Scheidtmann K H, Echle B, Walter G
J Virol. 1982 Oct;44(1):116-33. doi: 10.1128/JVI.44.1.116-133.1982.
The phosphorylation sites of simian virus 40 large T antigen were determined within the primary structure of the molecule. Exhaustive digestion of (32)P-labeled large T antigen with trypsin generated six major phosphopeptides which could be separated in a newly developed isobutyric acid-containing chromatography system. By partial tryptic digestion, large T antigen was cleaved into an amino-terminal fragment of 17,000 daltons and overlapping fragments from the carboxy-terminal region ranging in size between 71,000 and 13,000 daltons. The location of the phosphopeptides was then determined by fingerprint analyses of individual fragments. Their physical properties were analyzed by sizing on polyacrylamide gels and by sequential digestion and peptide mapping; their amino acid composition was determined by differential labeling with various amino acids. The amino-terminal 17,000-dalton fragment gave rise to only one phosphopeptide (phosphopeptide 3) that contained half of the phosphate label incorporated into large T antigen. It contained phosphoserine and phosphothreonine sites, all of which were clustered within a small segment between Cys(105) and Lys(127). This segment contained five serines and two threonines. Among these, Ser(106), Ser(123), and Thr(124) were identified as phosphorylated residues; in addition, either one or both of Ser(111) and Ser(112) were phosphorylated. The neighboring residues, Ser(123) and Thr(124), were found in three different phosphorylation states in that either Ser(123) or Thr(124) or both were phosphorylated. Phosphopeptides 1, 2, 4, 5, and 6 were all derived from a single fragment extending 26,000 daltons upstream from the carboxy terminus of large T antigen. Phosphopeptide 6 was identical with the previously determined phosphothreonine peptide phosphorylated at Thr(701). Phosphopeptides 1, 2, 4, and 5 contained only serine-bound phosphate. Phosphopeptides 1, 2, and 4 represented overlapping peptides, all of which were phosphorylated at Ser(639) located next to a cluster of six acidic residues. In phosphopeptide 5, a large peptide ranging from Asn(653) to Arg(691), at least two of seven serines were phosphorylated. Thus, large T antigen contains at least eight phosphorylation sites. Their clustering within two separate regions might correlate with structural and functional domains of this protein.
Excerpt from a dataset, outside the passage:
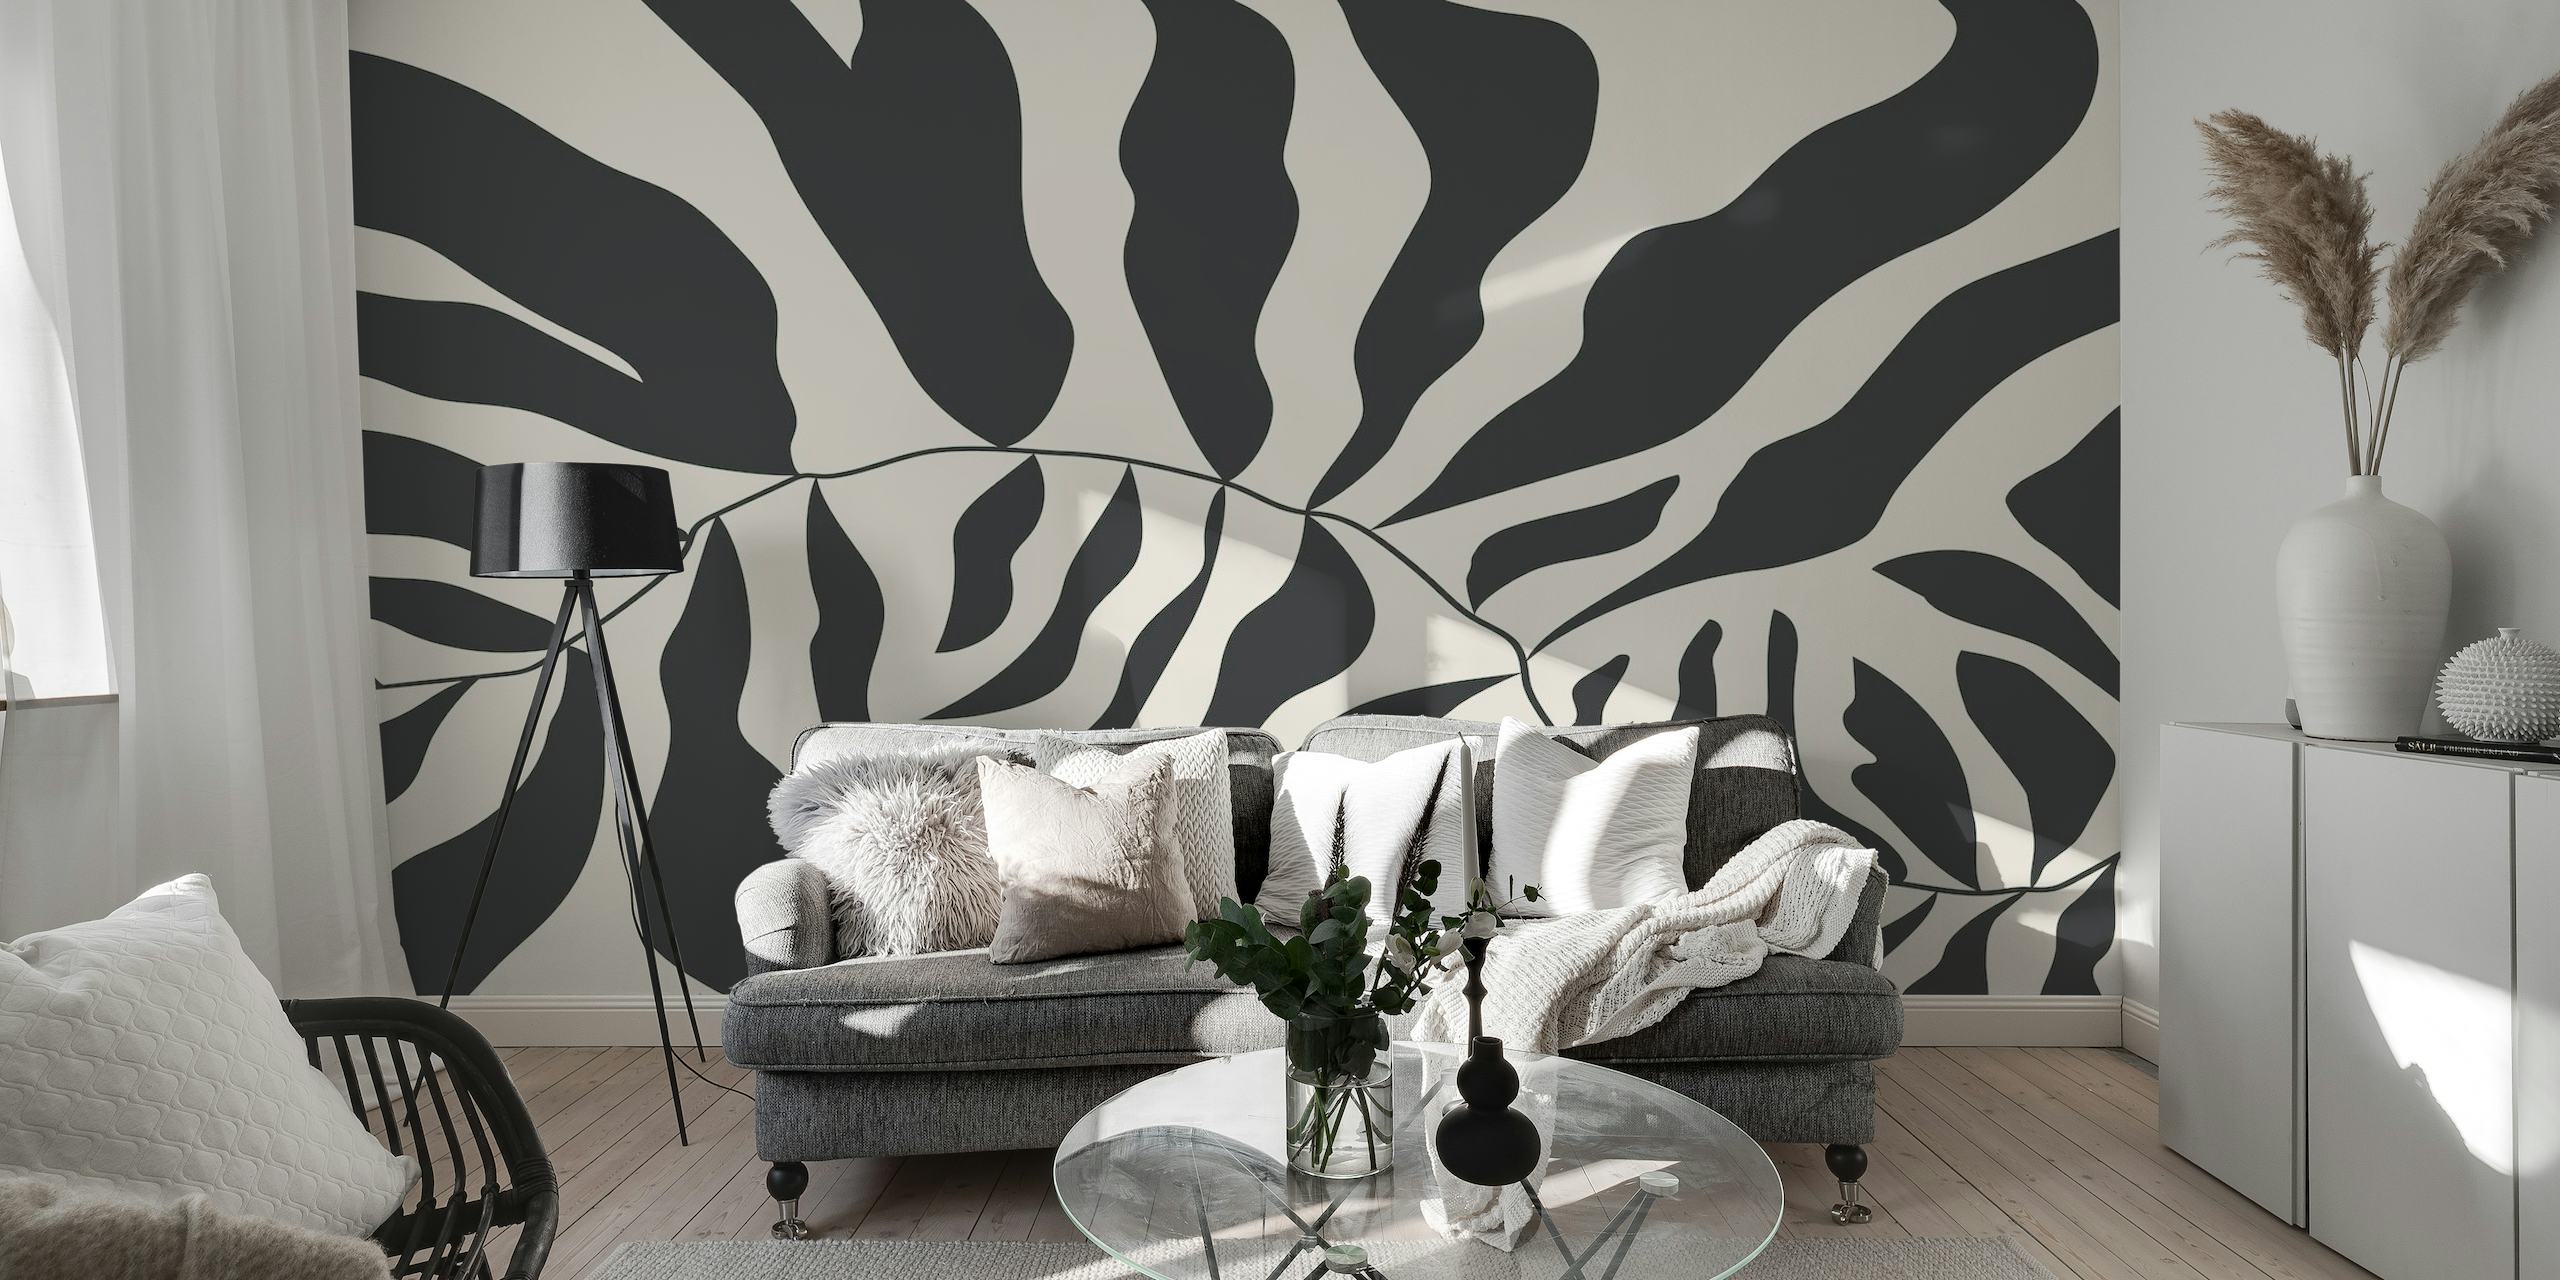 Sort/hvid abstrakt vægmaleri i Matisse-stil, der viser organiske former

在猴病毒40大T抗原分子的一级结构中确定了其磷酸化位点。用胰蛋白酶对(32)P标记的大T抗原进行彻底消化,产生了六个主要的磷酸肽,这些磷酸肽可以在新开发的含异丁酸的色谱系统中分离。通过部分胰蛋白酶消化,大T抗原被切割成一个17,000道尔顿的氨基末端片段和来自羧基末端区域的重叠片段,大小在71,000至13,000道尔顿之间。然后通过对各个片段的指纹分析来确定磷酸肽的位置。通过在聚丙烯酰胺凝胶上进行大小分析以及顺序消化和肽图谱分析来分析它们的物理性质;通过用各种氨基酸进行差异标记来确定它们的氨基酸组成。氨基末端的17,000道尔顿片段只产生了一个磷酸肽(磷酸肽3),该磷酸肽包含了掺入大T抗原中的一半磷酸标记。它含有磷酸丝氨酸和磷酸苏氨酸位点,所有这些位点都聚集在Cys(105)和Lys(127)之间的一个小片段内。这个片段包含五个丝氨酸和两个苏氨酸。其中,Ser(106)、Ser(123)和Thr(124)被鉴定为磷酸化残基;此外,Ser(111)和Ser(112)中的一个或两个被磷酸化。相邻的残基Ser(123)和Thr(124)处于三种不同磷酸化状态,即要么Ser(123)要么Thr(124)或者两者都被磷酸化。磷酸肽1、2、4、5和6都来自一个从大T抗原羧基末端向上游延伸26,000道尔顿的单一片段。磷酸肽6与先前确定的在Thr(701)处磷酸化的磷酸苏氨酸肽相同。磷酸肽1、2、4和5只含有与丝氨酸结合的磷酸。磷酸肽1、2和4代表重叠肽,它们都在紧邻六个酸性残基簇的Ser(639)处被磷酸化。在磷酸肽5中,一个从Asn(653)到Arg(691)的大肽段中,七个丝氨酸中的至少两个被磷酸化。因此,大T抗原至少含有八个磷酸化位点。它们在两个不同区域内的聚集可能与该蛋白质的结构和功能域相关。